**INFORMATION PROVIDED:**
....

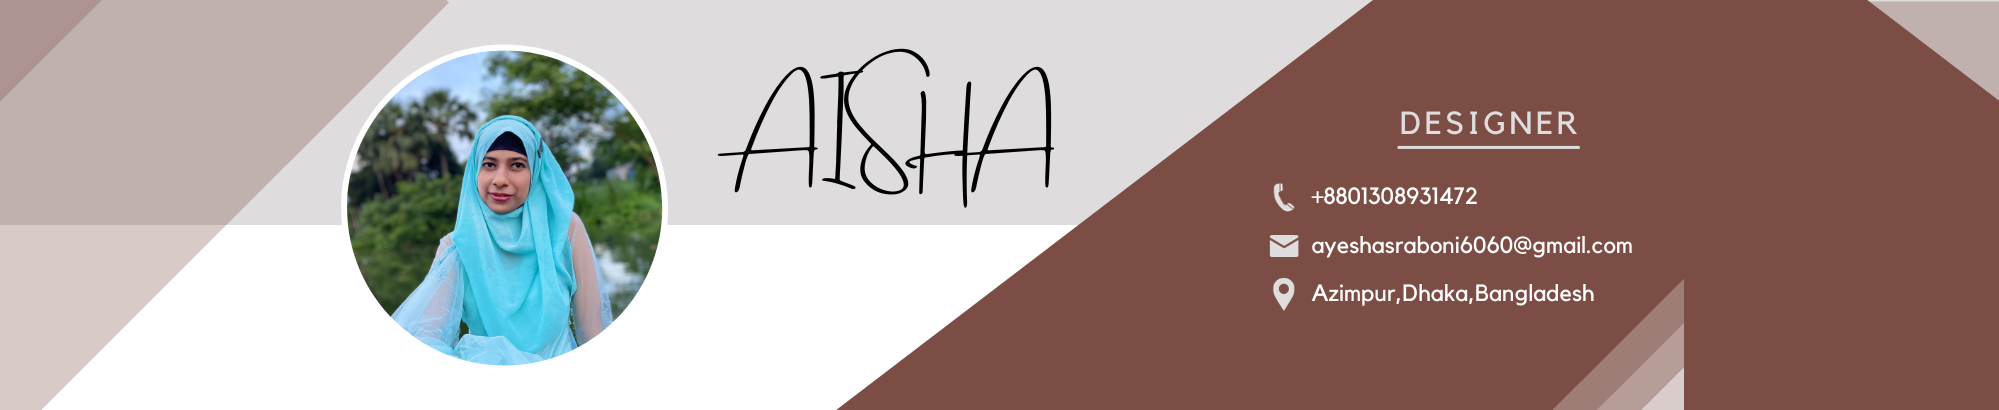 Banner de perfil de Aisha Siddika Sraboni
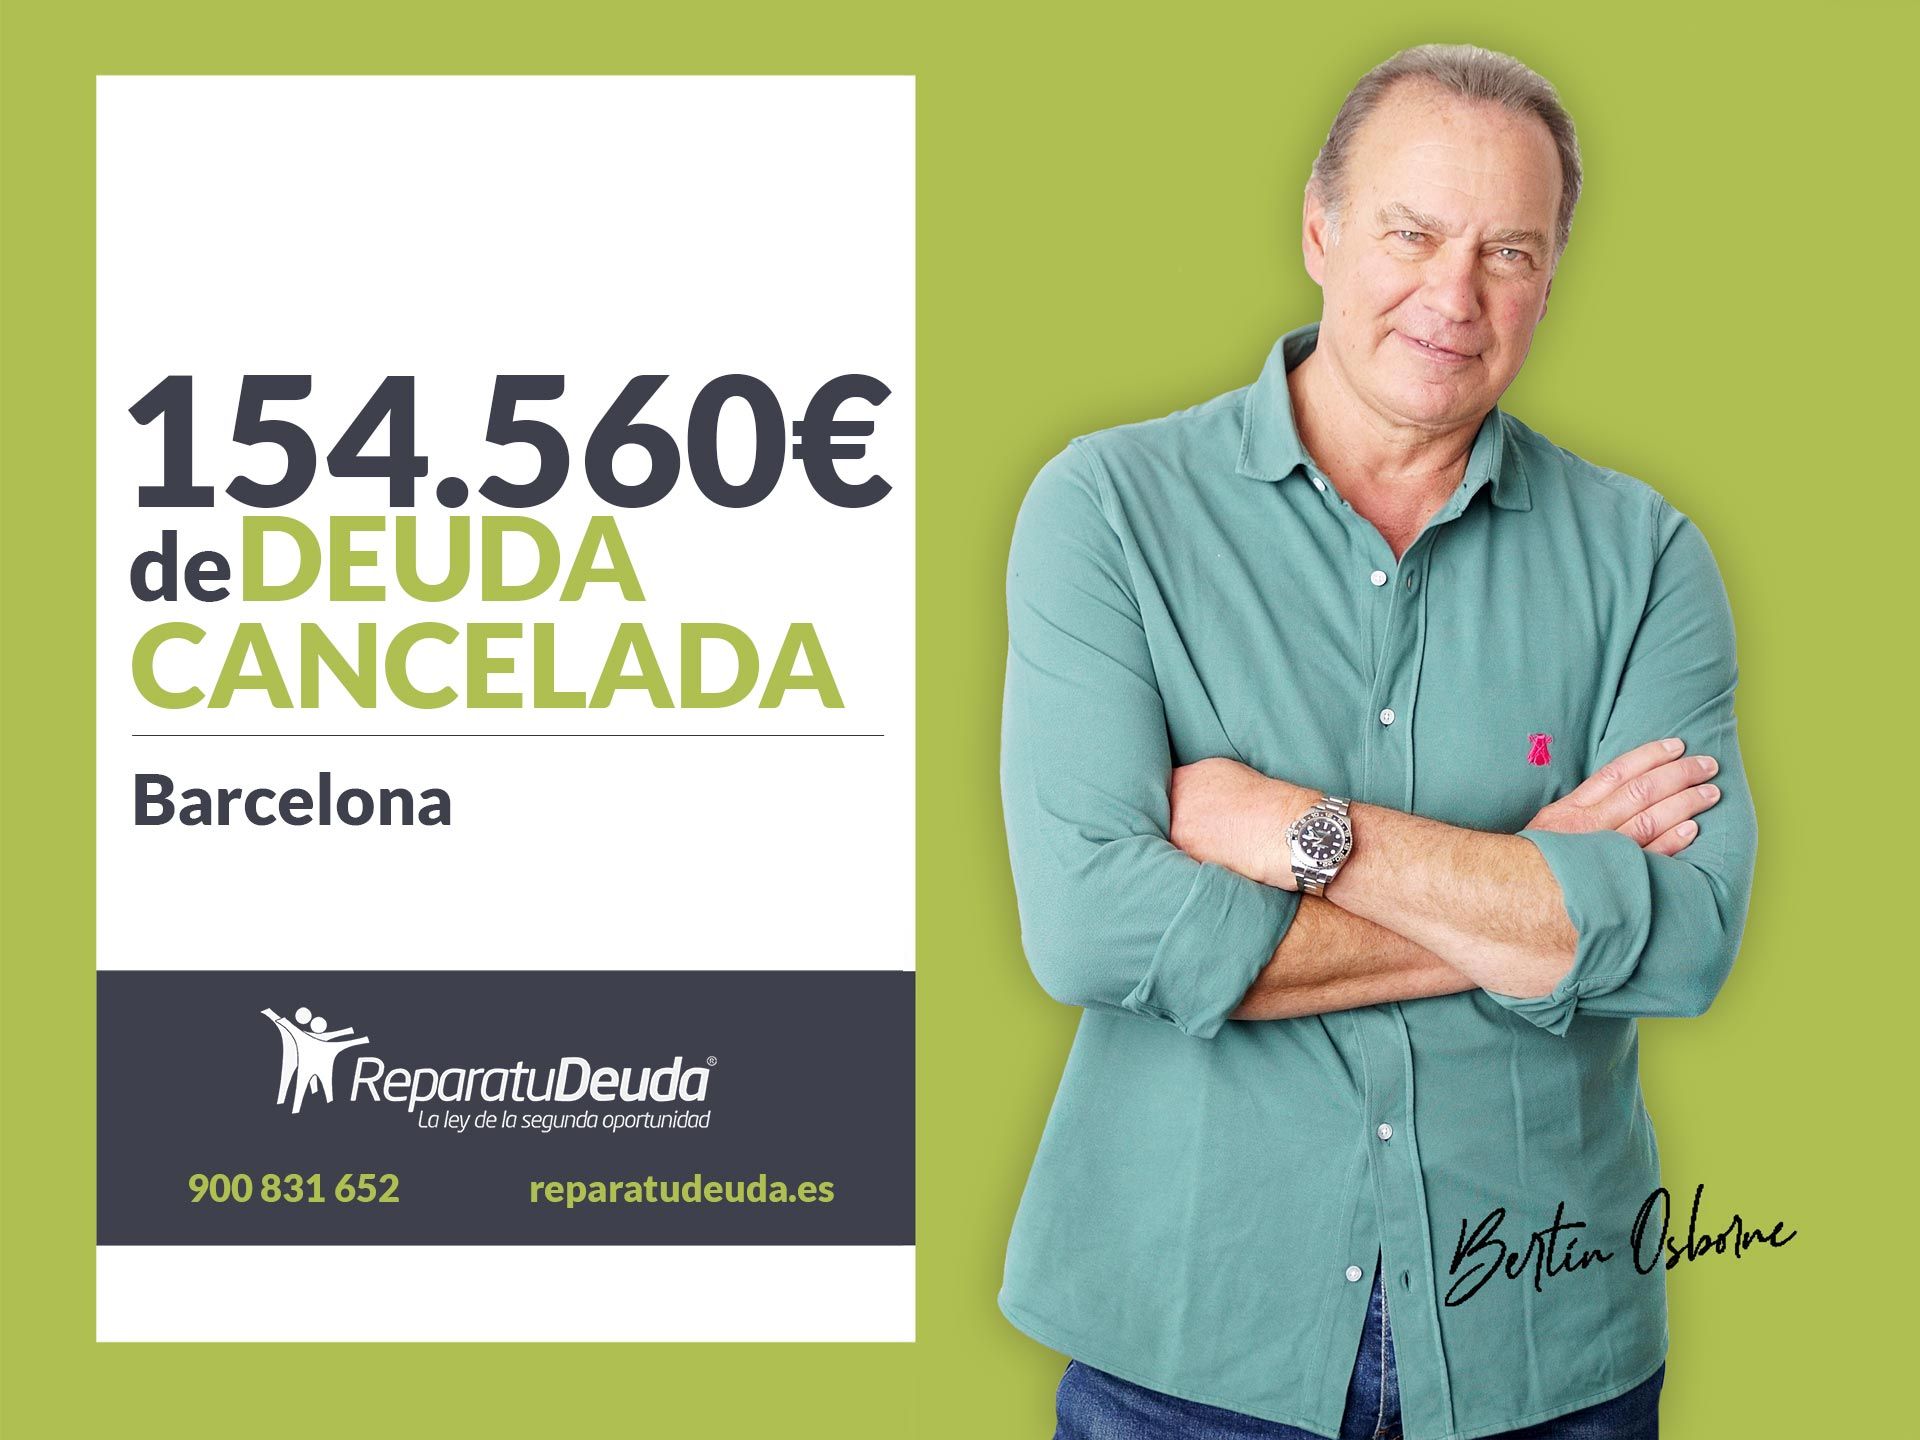 Repara tu Deuda Abogados cancela 154.560? en Barcelona (Catalunya) con la Ley de la Segunda Oportunidad
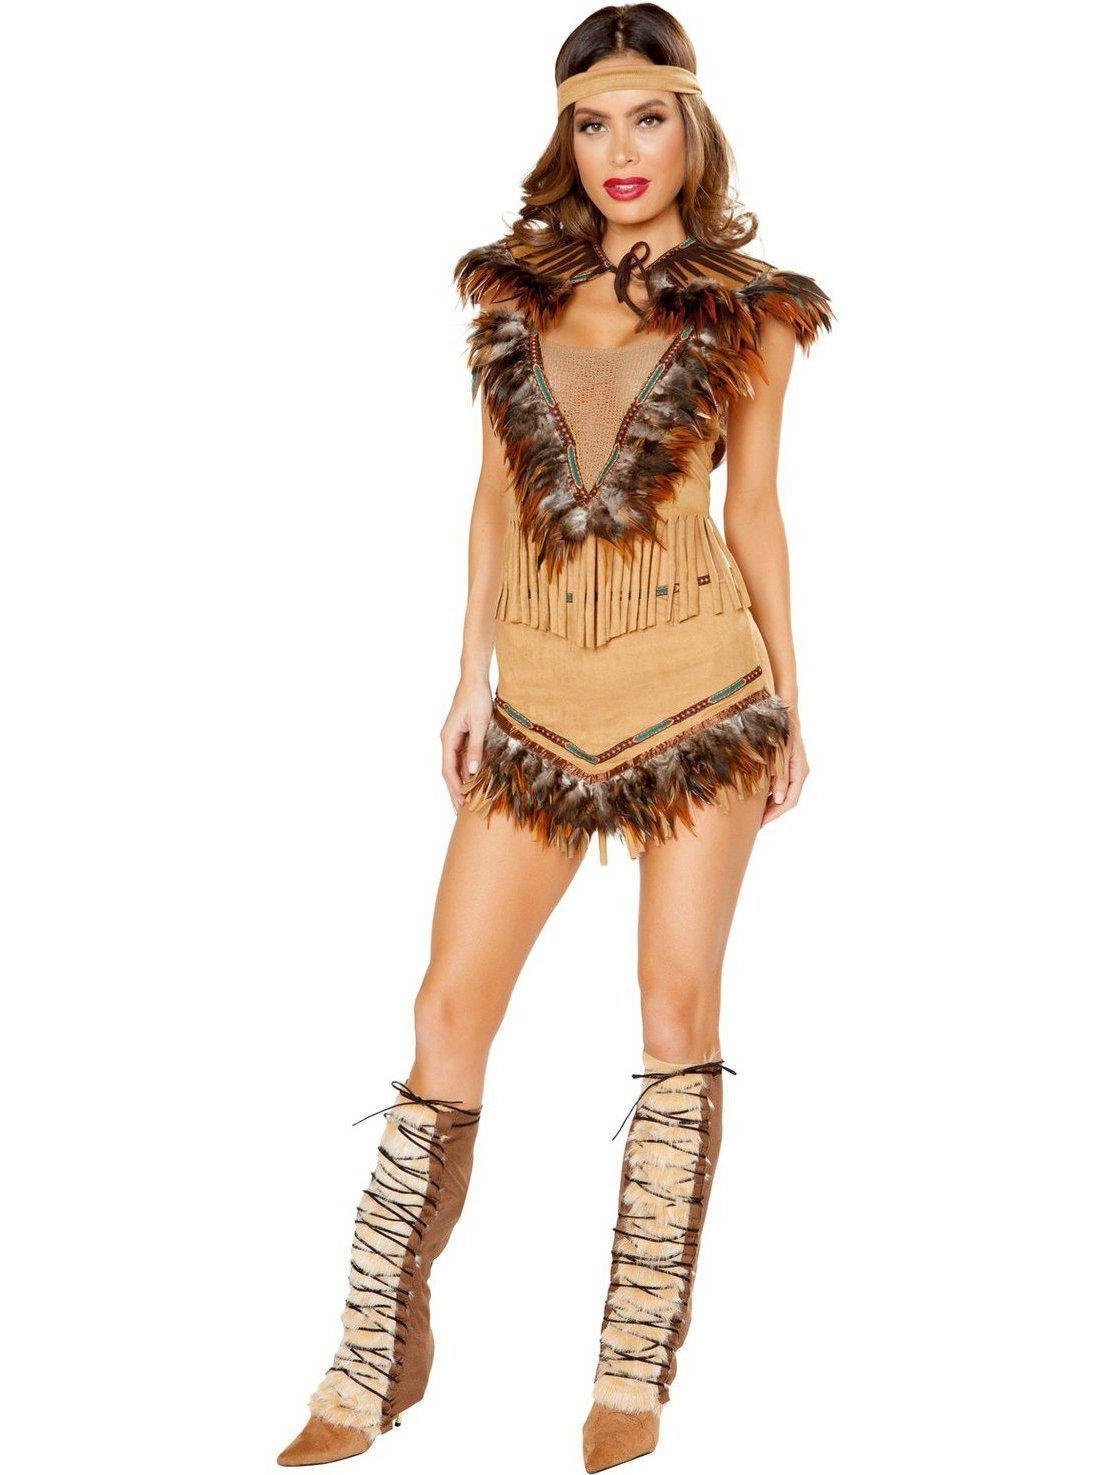 Roma RM-10117 3pc Cherokee inspirovaný dámský kostým Hottie Romský kostým

....

**REQUIRED WORK:** Print out the material word for word, omitting the pictures.

**RESPONSE TO THE EXERCISE:**
 Banner de perfil de Aisha Siddika Sraboni
 Repara tu Deuda Abogados cancela 154.560? en Barcelona (Catalunya) con la Ley de la Segunda Oportunidad
 Roma RM-10117 3pc Cherokee inspirovaný dámský kostým Hottie Romský kostým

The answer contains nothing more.